In his brief, Hong argues that the question was "relevant and material to the issue of whether [Plaintiff] was being truthful in light of his inability to remember the specific date and location of his slip and fall injury." (Appellant's br. at 18.) We disagree. A question about the reasons why the photographs were taken would not prove where or when Plaintiff fell and thus was immaterial for that purpose. Indeed, the issue of where and when Plaintiff fell was adequately addressed by Plaintiff's testimony and related documentary evidence. Specifically, Plaintiff testified at the hearing that he sustained an injury as a result of his tripping and falling on Letterly Street in or around September 18, 2008. We, therefore, conclude that the objected-to question would not have led to relevant material evidence, and as a result, the trial court did not abuse its discretion in sustaining the City's objection.
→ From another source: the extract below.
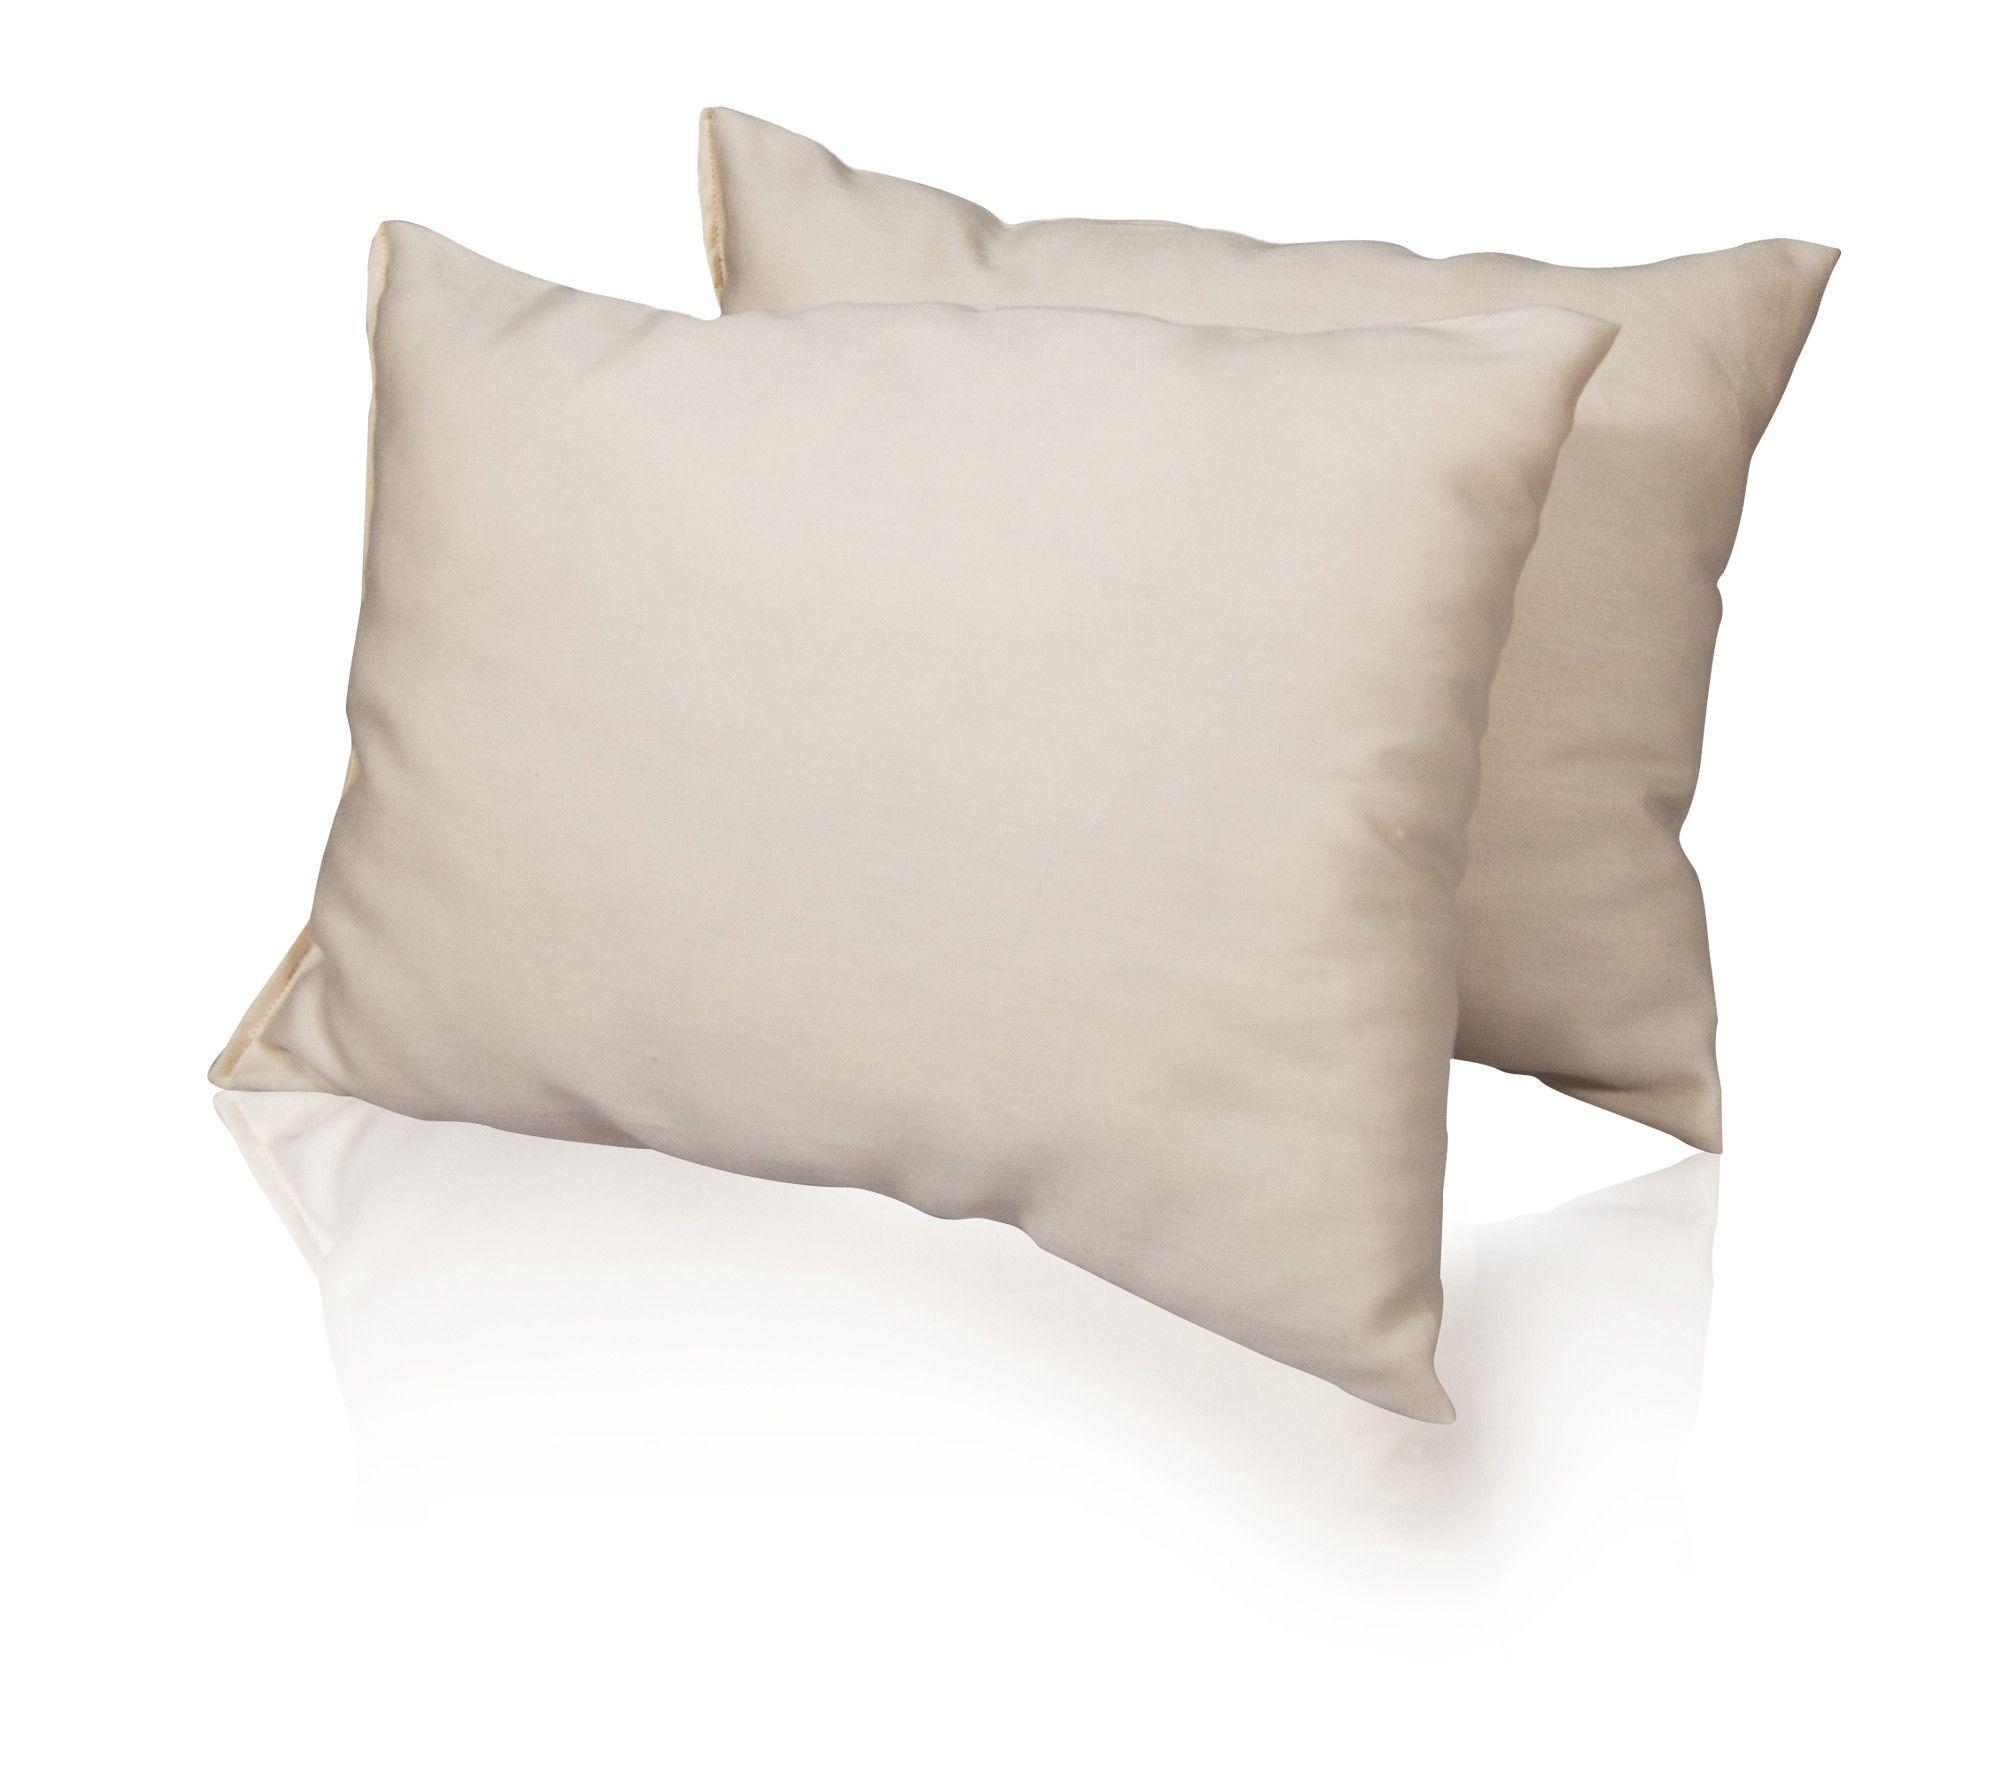 Kapok pillow, Kapok, Natural pillows

We also agree with the trial court that Hong's argument that the trial court somehow precluded him from questioning Plaintiff about the photographs of the sidewalk is without merit. As the hearing transcript demonstrates, Hong's attorney voluntarily waived all rights to question Plaintiff about the reasons why the sidewalk photographs were taken when the attorney decided to "move on." (R.R. at 194a.)
Accordingly, we affirm the trial court's order.
/s/_________
P. KEVIN BROBSON, Judge ORDER
AND NOW, this 10th day of June, 2013, the order of the Court of Common Pleas of Philadelphia County is hereby AFFIRMED.